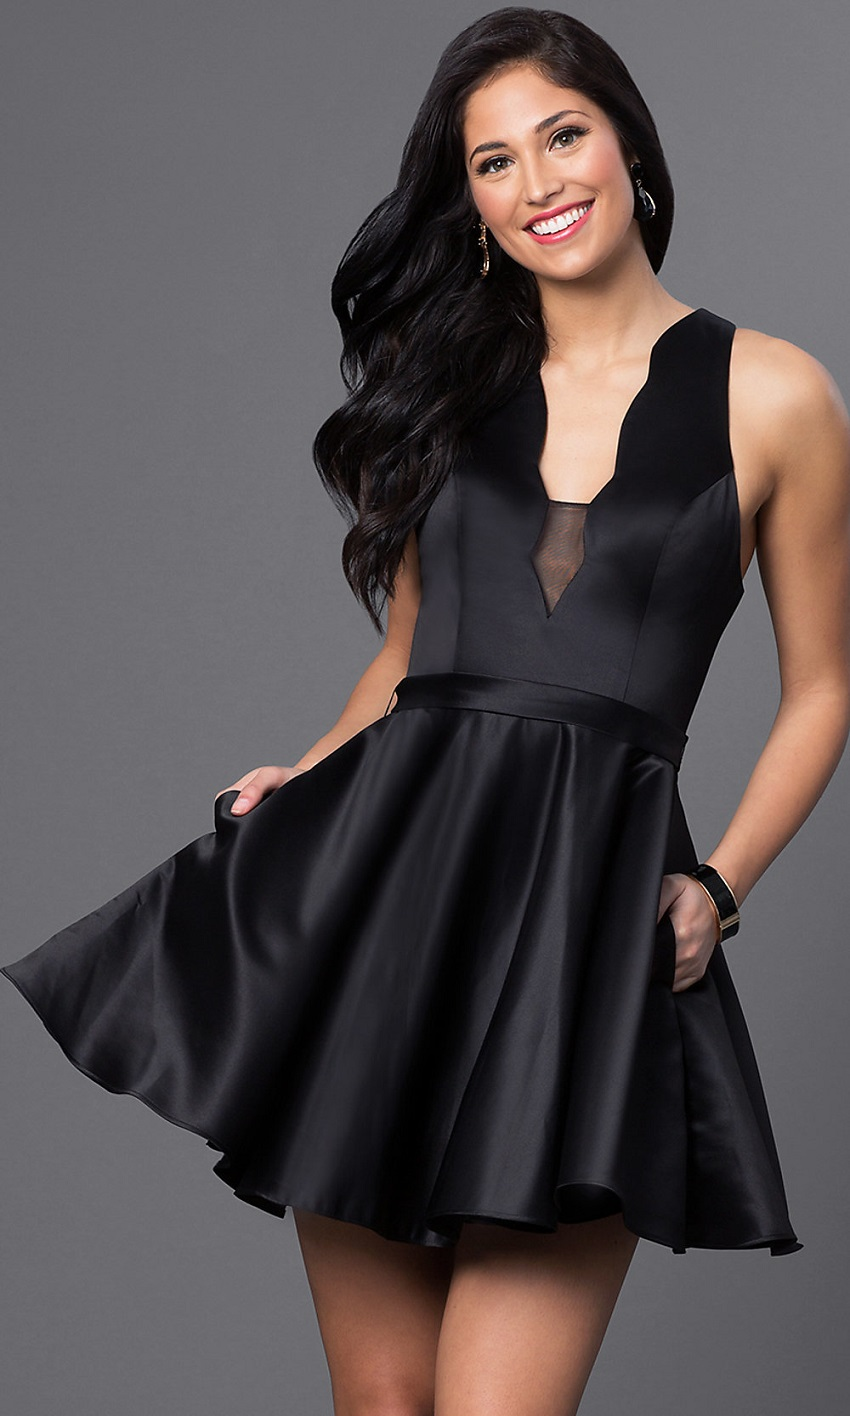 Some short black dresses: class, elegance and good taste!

--

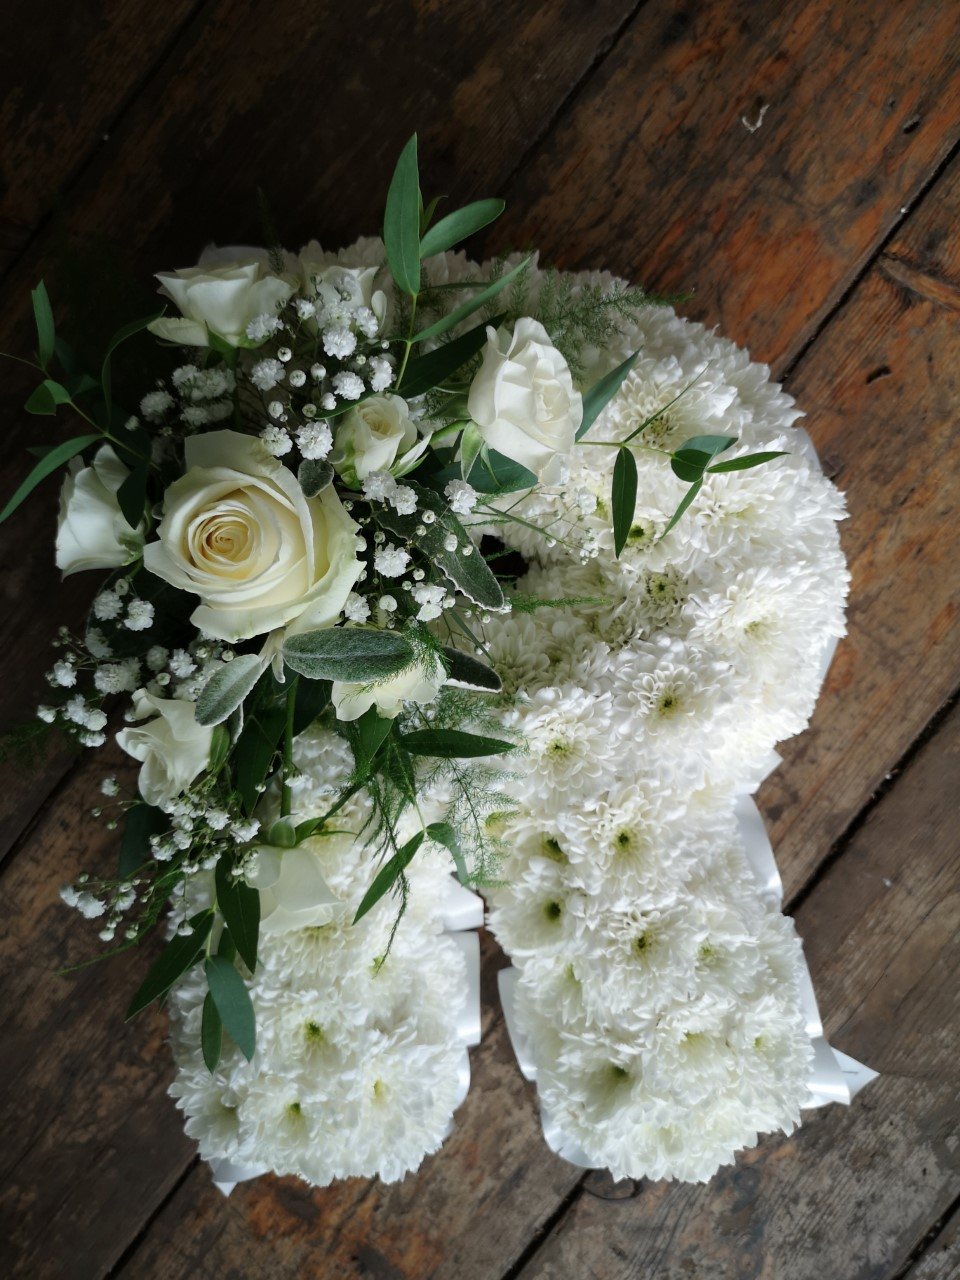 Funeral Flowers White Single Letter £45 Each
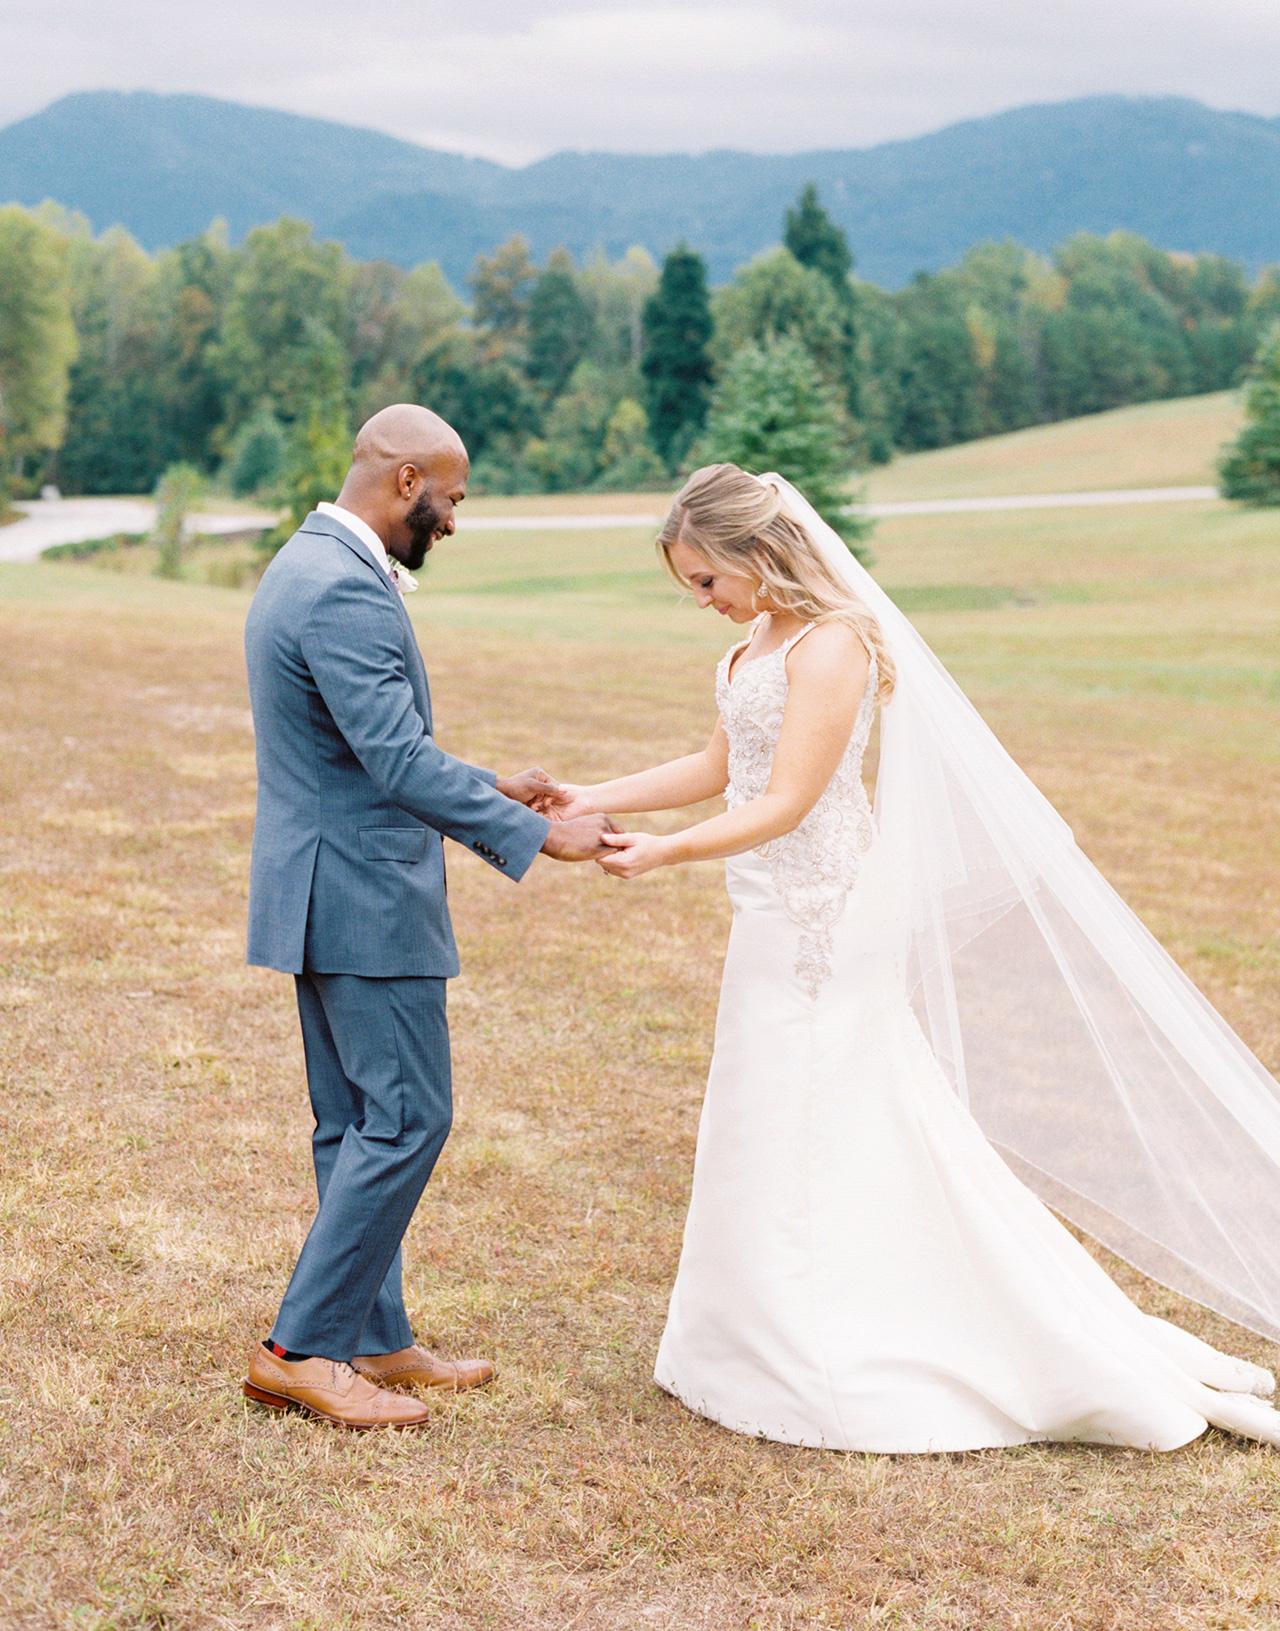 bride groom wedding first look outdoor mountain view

* Work item: Beginning at the line above that contains "Funeral Flowers White Single Letter £45 Each", repeat each line exactly through the one that contains "bride groom wedding", and leave out the pictures.

* Reply to the task:
 Funeral Flowers White Single Letter £45 Each
 bride groom wedding first look outdoor mountain view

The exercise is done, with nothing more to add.